**What the exercise asks**
Omitting all images, output the entries that follow exactly as written.

**Items from a data source**
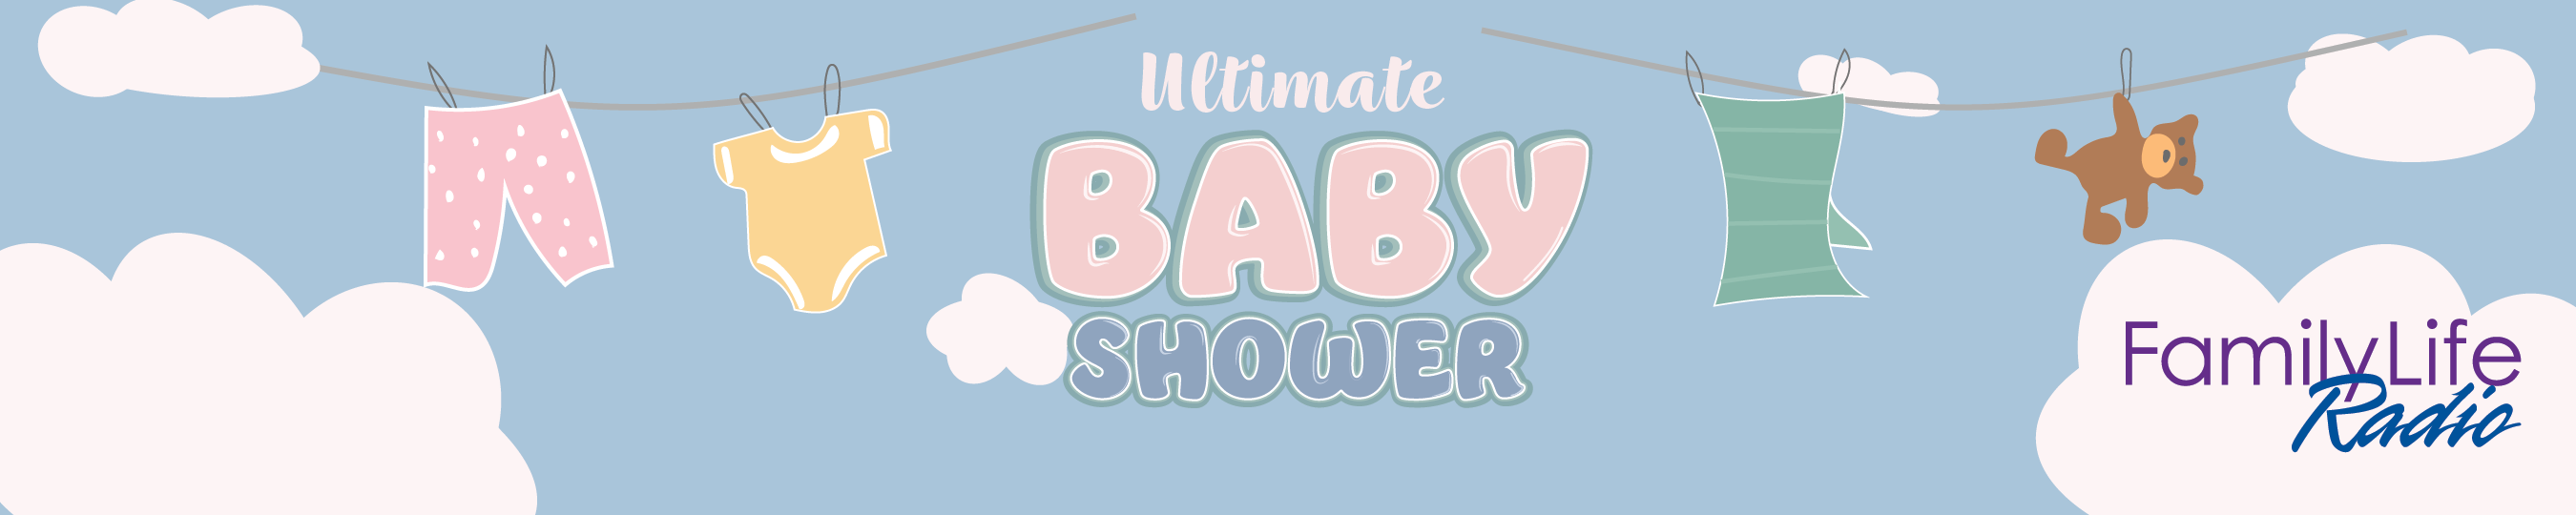 Ultimate Baby Shower
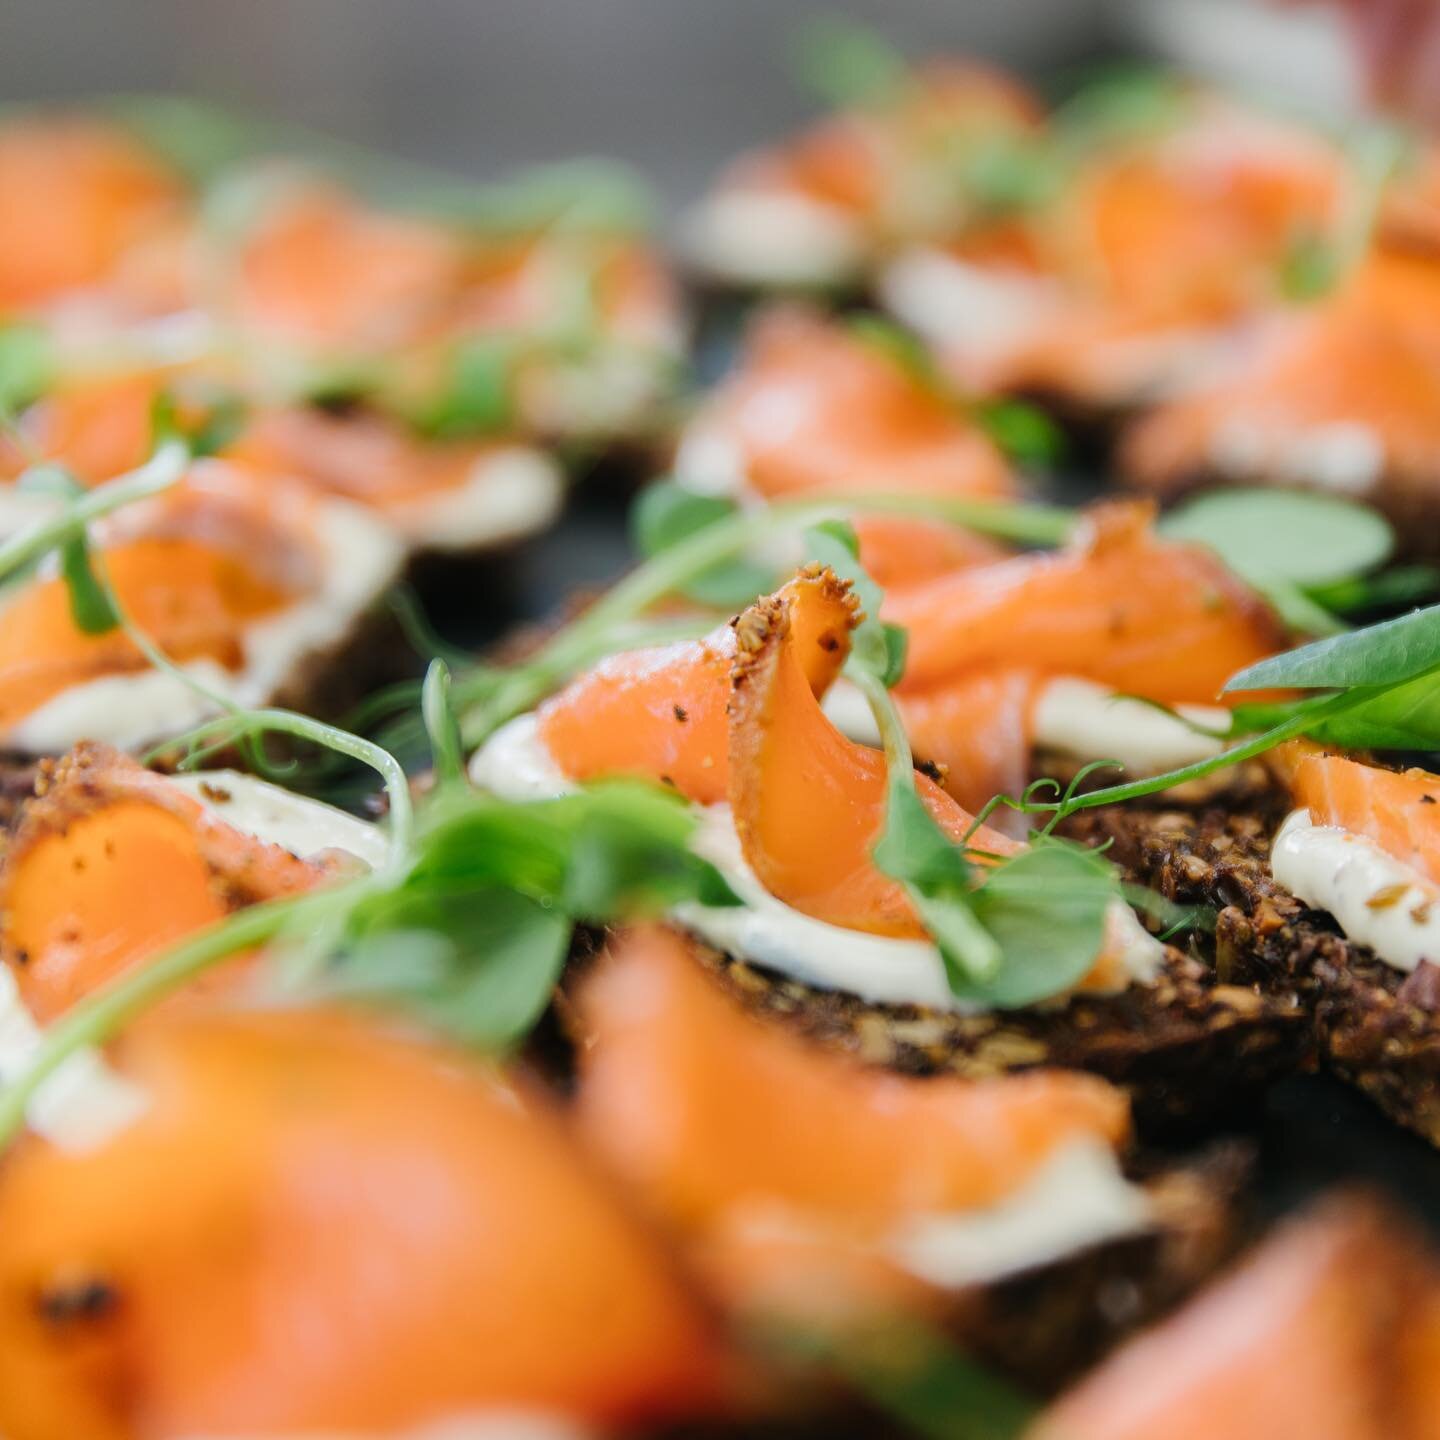 Check out our Salmon Pastrami on seeded toast with our sour cream and chives drizzled with basil oil&hellip; So close up you can almost taste it! 😮&zwj;💨🙌🏻 

Interested in us catering your event? Enquire today! 
Link in bio 🌱

🏷 
#food #foodie 
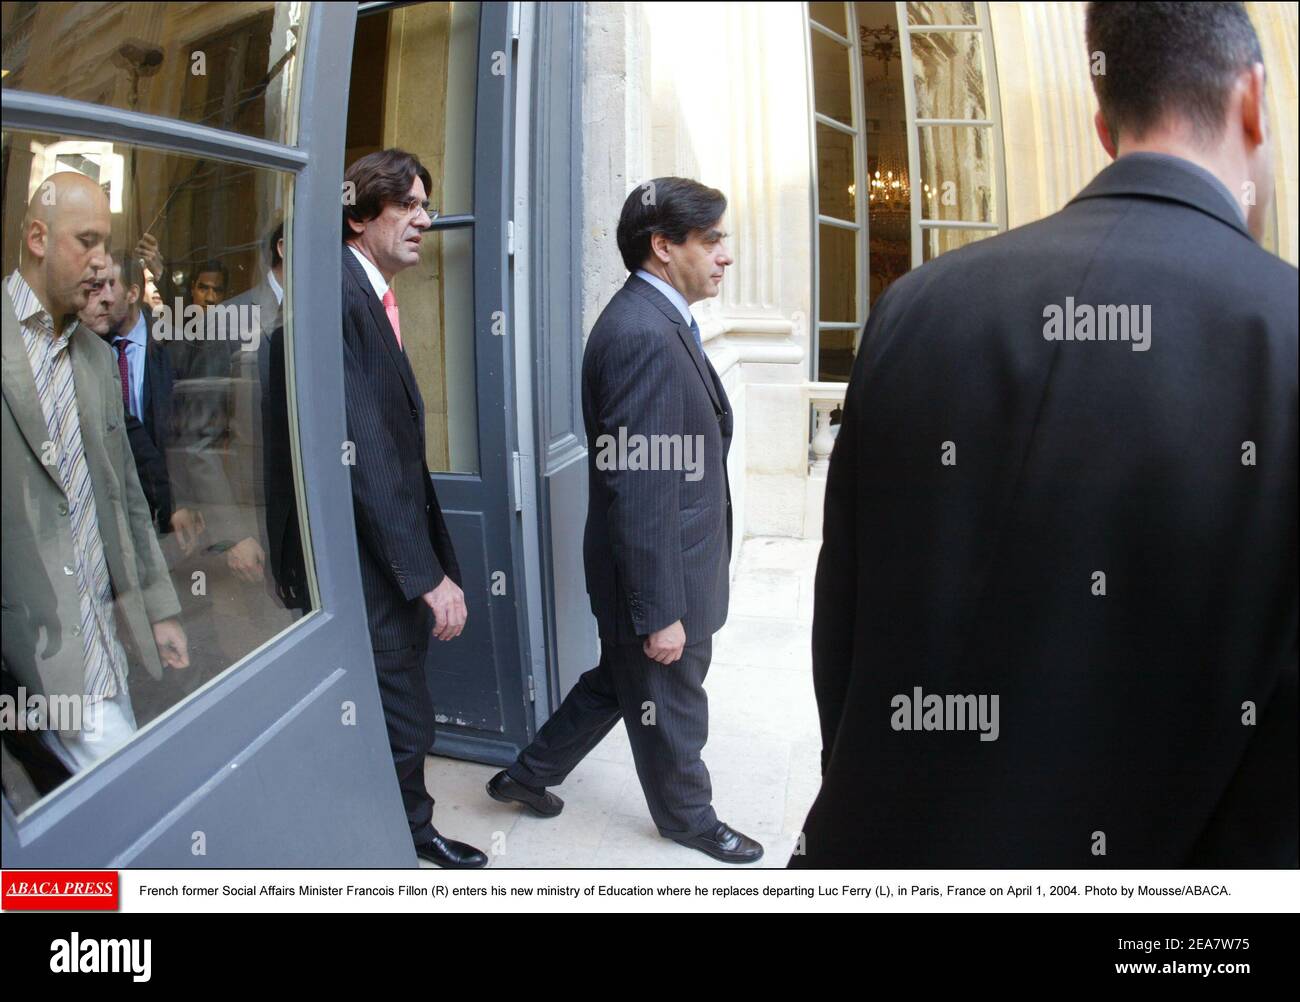 French former Social Affairs Minister Francois Fillon (R) enters his new ministry of Education where he replaces departing Luc Ferry (L), in Paris, France on April 1, 2004. Photo by Mousse/ABACA. Stock Photo
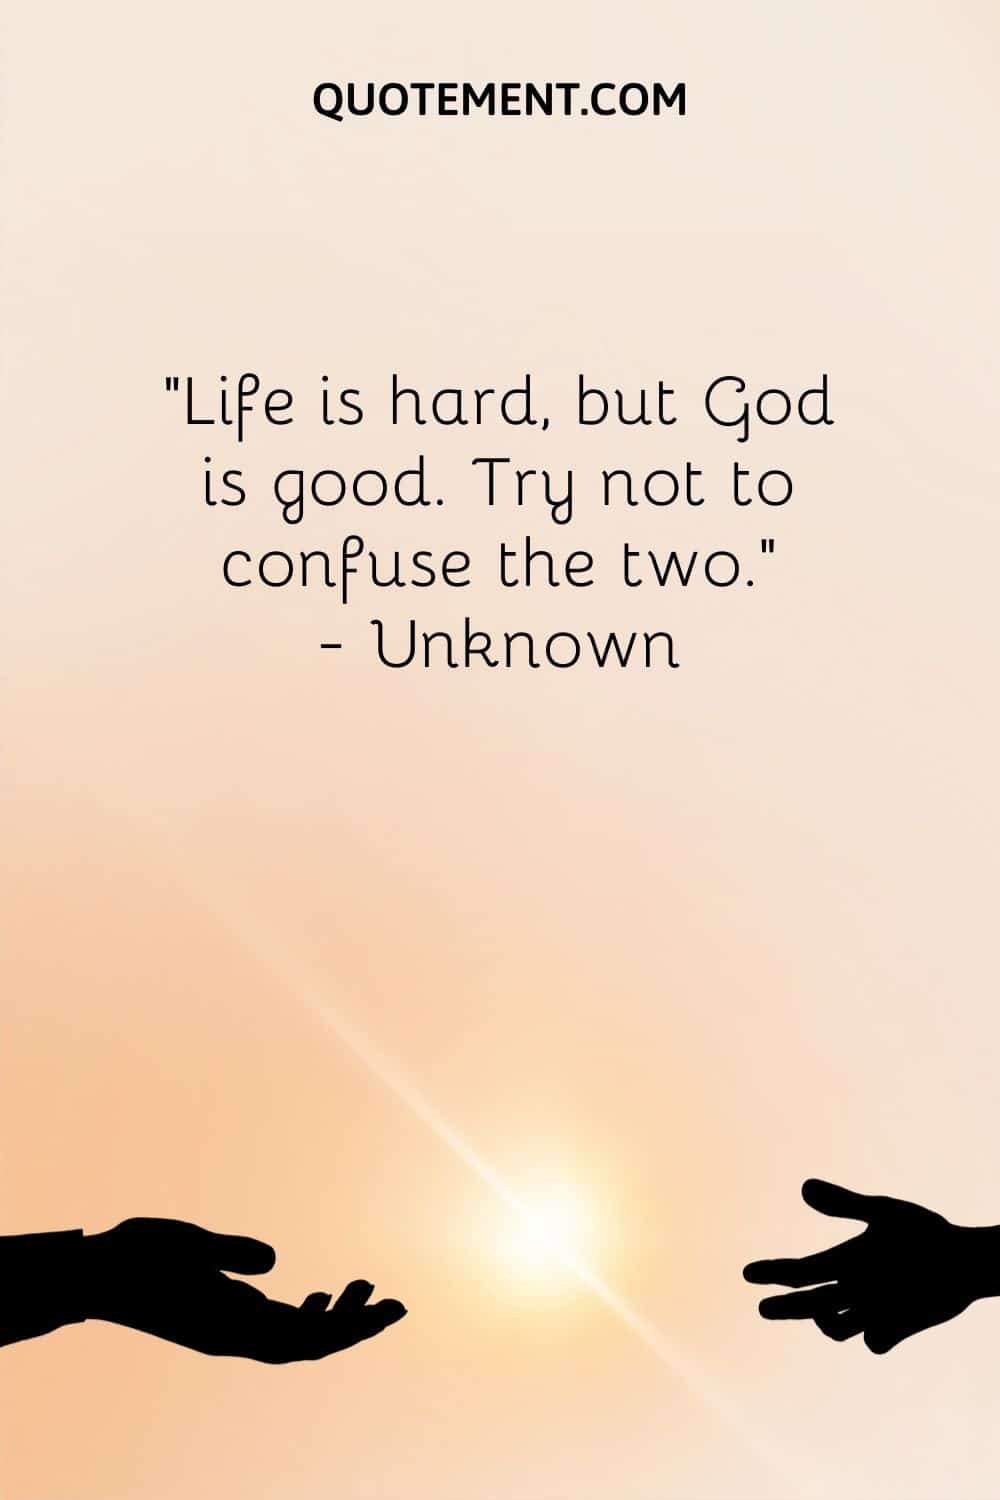 “Life is hard, but God is good. Try not to confuse the two.” — Unknown
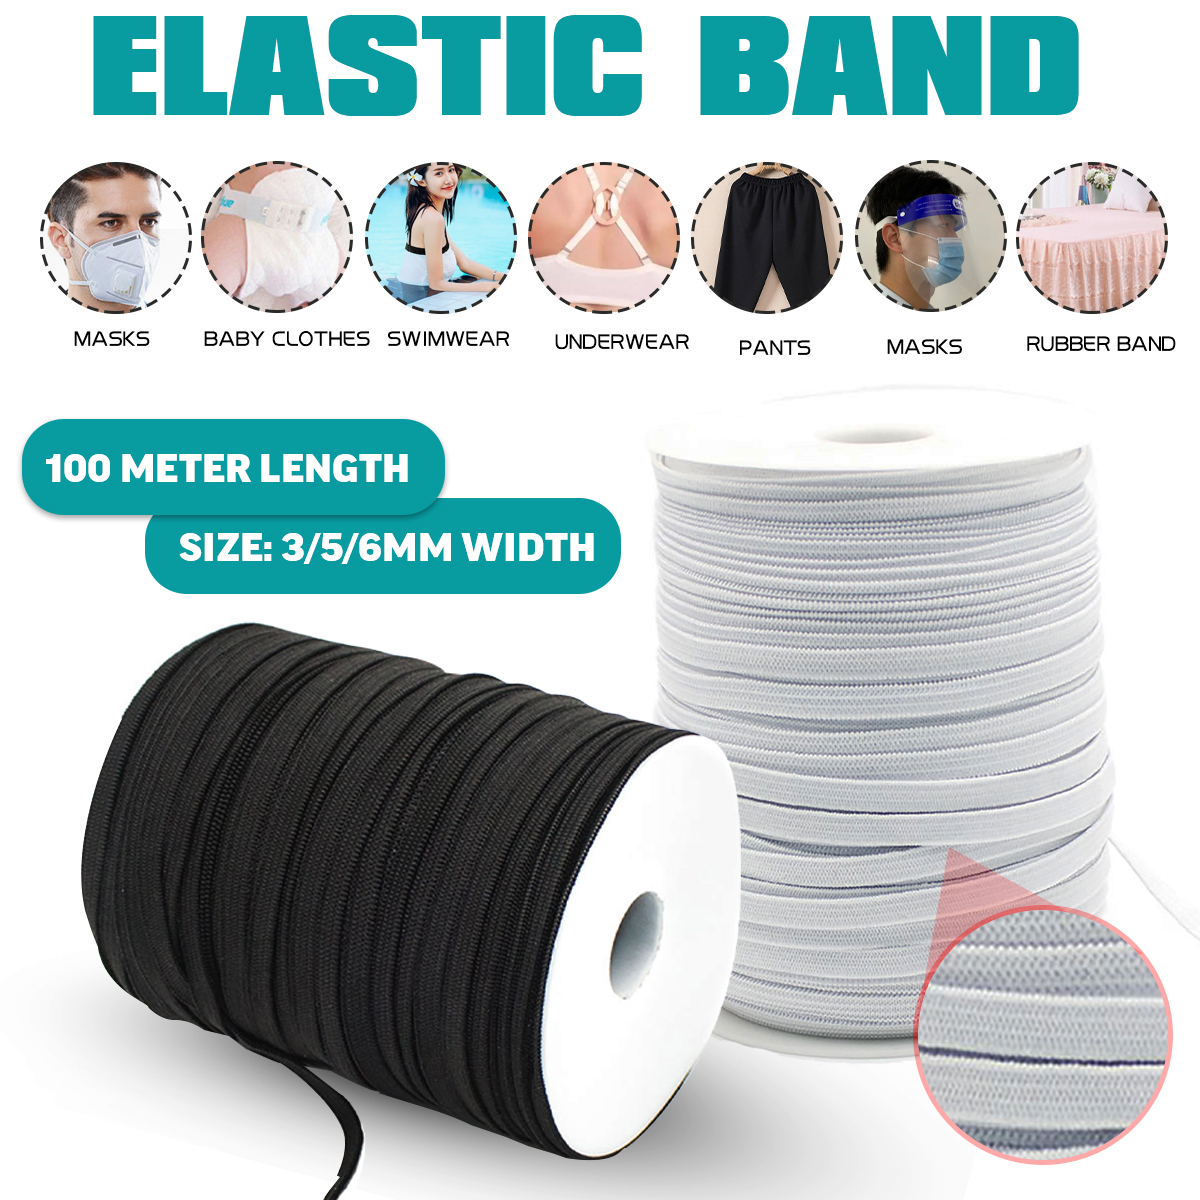 356mm-Elastic-Band-Cord-Knits-100-Meter-Length-Mouth-Hat-Stretch-DIY-Sewing-1701161-1

**Reply**
 Ultimate Baby Shower
 Check out our Salmon Pastrami on seeded toast with our sour cream and chives drizzled with basil oil&hellip; So close up you can almost taste it! 😮&zwj;💨🙌🏻 

Interested in us catering your event? Enquire today! 
Link in bio 🌱

🏷 
#food #foodie 
 French former Social Affairs Minister Francois Fillon (R) enters his new ministry of Education where he replaces departing Luc Ferry (L), in Paris, France on April 1, 2004. Photo by Mousse/ABACA. Stock Photo
 “Life is hard, but God is good. Try not to confuse the two.” — Unknown
 356mm-Elastic-Band-Cord-Knits-100-Meter-Length-Mouth-Hat-Stretch-DIY-Sewing-1701161-1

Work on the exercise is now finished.